No cloud. No API costs. No data leaving your machine.

Here's what the final result looks like: you type a coding question in your terminal, and a 30-billion-parameter AI model running on your Mac's GPU thinks about it, reads your files, edits your code, and runs commands --all locally.

The Architecture (Three Layers)

Before we install anything, let's understand what we're building. There are three layers:

+-------------------------------------+
|        OpenCode (The App)           |
|  What you interact with. It sends   |
|  your messages and executes tools   |
|  like reading files, editing code,  |
|  and running shell commands.        |
|           "The Hands"               |
+--------------+----------------------+
               | HTTP (localhost:8080)
               |
+--------------v----------------------+
|     mlx_lm.server (The Hub)         |
|  Translates between OpenCode and    |
|  the model. Converts text to        |
|  numbers, runs inference on the     |
|  GPU, parses tool calls.            |
|         "The Translator"            |
+--------------+----------------------+
               | MLX Framework (GPU)
               |
+--------------v----------------------+
|        The LLM (The Brain)          |
|  A neural network with billions of  |
|  parameters. Takes in numbers,      |
|  outputs numbers. Doesn't "know"    |
|  about files or code -- just        |
|  predicts the next token.           |
|          "The Brain"                |
+-------------------------------------+

OpenCode is the app you type into. It's "the hands" --it can read files, edit code, and run commands, but it doesn't know what to do. It asks the brain.

mlx_lm.server is the middleman. It runs an HTTP server on your Mac (port 8080) that speaks the same API as OpenAI's. OpenCode doesn't even know the model is local --it just talks to localhost:8080 as if it were calling an API.

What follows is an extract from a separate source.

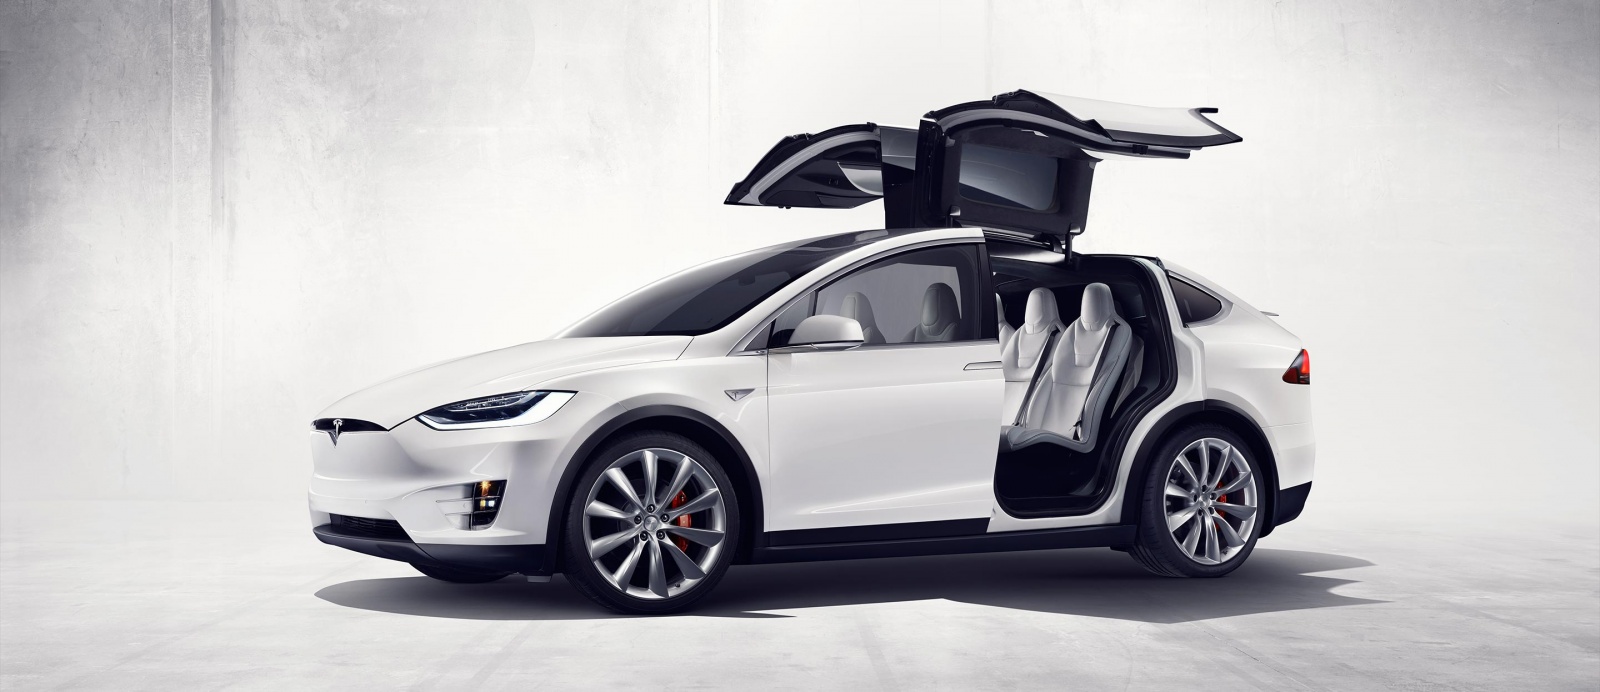 Начато производство Tesla Model X. Цена от $80000 - 1
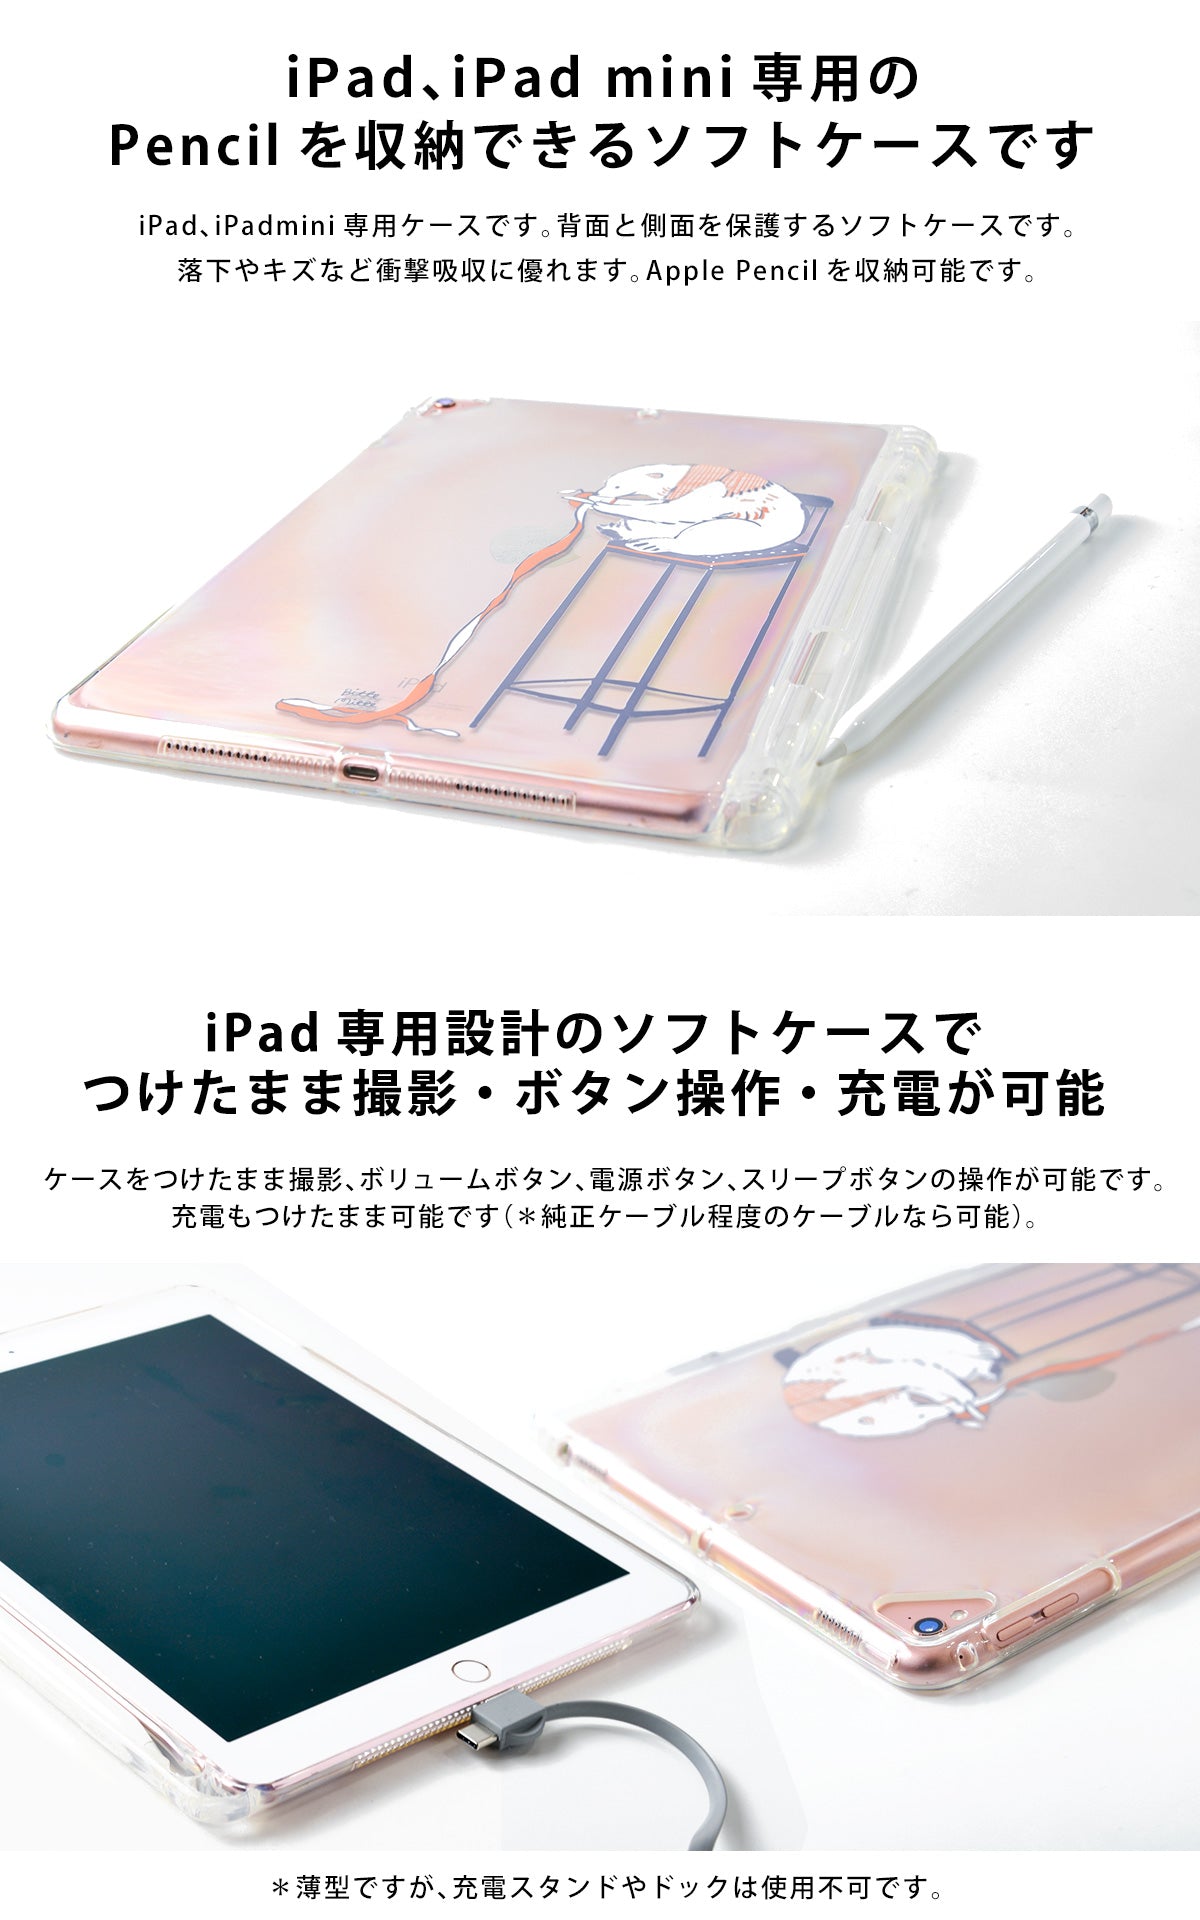 Apple Pencil 収納 ケース ペンシルケース アップルペンシル  ゴムバンド付き ペンケース ホルダー iPad アップル ペンシル

The LLM is the brain. It takes in numbers and outputs numbers. That's it. It has no hands, no eyes, no ability to touch your filesystem. It can only think and suggest.

What Are Tokens?

Models don't read text --they read tokens, which are numbers. Before your message reaches the model, it's converted:

"Fix the bug in auth.py"
        |
        v  (tokenizer)
[15640, 279, 8563, 304, 4428, 2386]
        |
        v  (model inference on GPU)
[791, 4546, 374, 389, 1584, 220, ...]
        |
        v  (detokenizer)
"The issue is on line 42..."

The component that does this conversion is called a tokenizer. Each model ships with its own tokenizer --you can think of it as the model's dictionary.

What Are Tool Calls?

Here's the key concept that makes an LLM useful as a coding assistant. The model can't actually read your files --remember, it's just a brain with no hands. But it can output a tool call: a structured request that says "hey, I need someone to read this file for me."

You: "What's in main.py?"
        |
        v
Model thinks... outputs:
  <tool_call>
  <function=read_file>{"path": "main.py"}
        |
        v
mlx_lm.server parses this into structured JSON
        |
        v
OpenCode receives: { "function": "read_file", "args": {"path": "main.py"} }
OpenCode executes it, reads the file, sends contents back to the model
        |
        v
Model receives file contents, thinks again, responds to you

This back-and-forth --model requests a tool, app executes it, sends results back --is the loop that makes AI coding assistants work. The model is the brain, OpenCode is the hands.

Why Parsers Matter

Different models output tool calls in different formats. Some use XML-style tags, some use raw JSON, some use special tokens. The tool parser in mlx_lm.server needs to understand the model's specific format. If there's a mismatch --and we'll see exactly this bug later --things crash.

What Is MLX?

MLX is Apple's machine learning framework, built specifically for Apple Silicon chips (M1, M2, M3, M4, and their Pro/Max/Ultra variants).

What makes it special: Apple Silicon has unified memory. Unlike a PC where the CPU and GPU have separate memory pools, your Mac's CPU and GPU share the same RAM. MLX takes advantage of this --a model loaded into memory is accessible to the GPU without any copying.

This is why Apple Silicon Macs are surprisingly good at running LLMs. A Mac with 96GB of unified memory can run models that would require an expensive NVIDIA GPU on a PC.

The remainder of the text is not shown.